Soon the planters realised that tea could be their salvation. The changeover was made easier due to the number of planters available and the existence of a well-established plantation system. In addition, the necessary road and railway infrastructure was conveniently in place.
Unlike coffee, tea has to be harvested regularly, and its processing is a lot more complex. A larger labour force is therefore required, so Kanganies, or the overseers, were sent to their villages in South India to recruit labour.
Old coffee stores were converted into buildings for tea processing, but on the newer estates appeared the first, small, custom-built factories. However by the 1880s there arose a need for multistoried factories, like those seen today, to handle the quantities of leaf produced. It was the dawn of mechanisation for the tea industry.
But the finance required to build factories and purchase machinery resulted in a decline in the price of tea estates. Thomas Lipton – the owner of a chain of English grocery stores – took advantage of this situation. He visited Ceylon in 1890, bought various estates, and within weeks became the Island’s biggest property owner. It was he who created the first “Ceylon Tea” labels.
The 150th anniversary in 2017 is awaited in the knowledge that the milestone of an occasion will add further glory to the history of Ceylon Tea.
The first small packages of Ceylon Tea were exported to England in August 1875. Over the next few years larger consignments arrived at the famous Mincing Lane auction rooms. But it was not until 1891 that Ceylon Tea was brought to prominence by sales in which “Golden Tips” fetched fantastic prices.
Colombo had to follow Mincing Lane and start selling tea by public auction, the first of which occurred in 1883. They became more frequent and acquired such importance that the Colombo Tea Traders’ Association was formed in 1894 to systematise sales under the Ceylon Chamber of Commerce.
It was at the 1893 Chicago World’s Fair that Ceylon Tea first made a major impact, when one million packets were sold. By the end of the 19th Century the word “tea” in England was no longer associated with China but with Ceylon.
After Ceylon gained Independence in 1948 the number of British planters rapidly declined. This situation provided an opportunity for the Ceylonese to enter the tea plantation industry. They became responsible for the smooth transition of management on the estates and have since guided the industry.
Promotion included the establishment of Tea Centres in a number of foreign capitals.

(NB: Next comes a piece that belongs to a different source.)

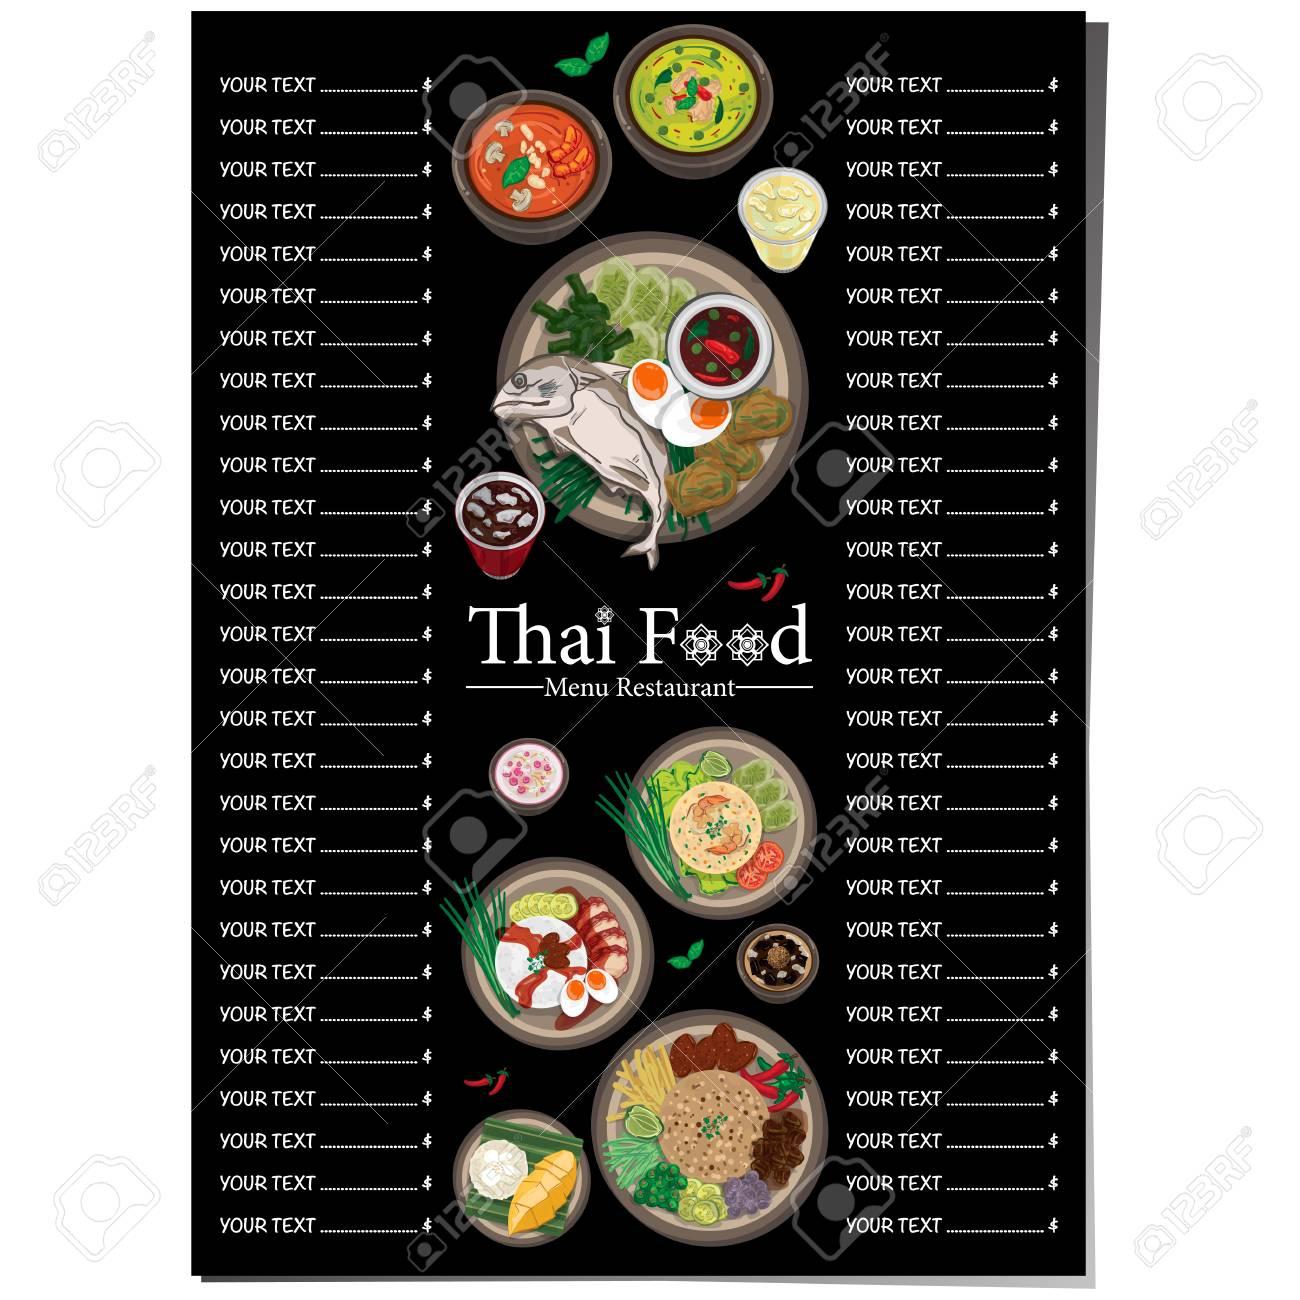 Thai Food Menu Design Template Royalty Free Cliparts Vectors And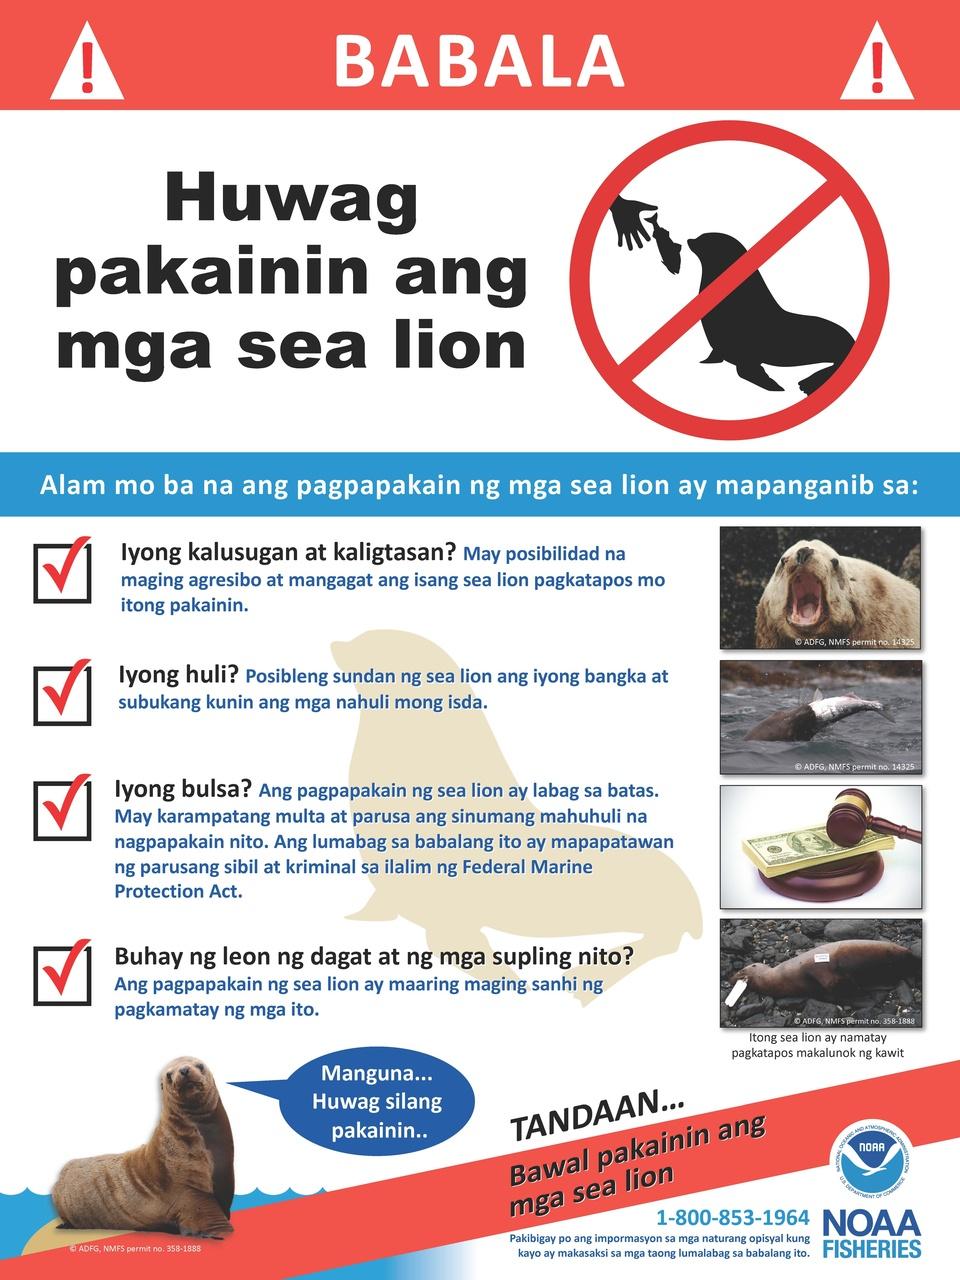 steller-sea-lions-do-not-feed-tagalog-sign.jpg

Most noteworthy among them was the one in London, which in its heyday served more than half a million cups every year and received much positive publicity when Queen Elizabeth graced it with her presence in 1962.
In 1967 the first 100 years of Ceylon Tea was celebrated. A momentous century it was, from the first small packages sent to London in 1875 to the record tea production in 1965 of 228 million kilograms which secured for Sri Lanka the premium position among the world’s exporters.
Now, 49 years after the centenary, aspects of the industry have changed much, but the 150th anniversary in 2017 is awaited in the knowledge that the milestone of an occasion will add further glory to the history of Ceylon Tea.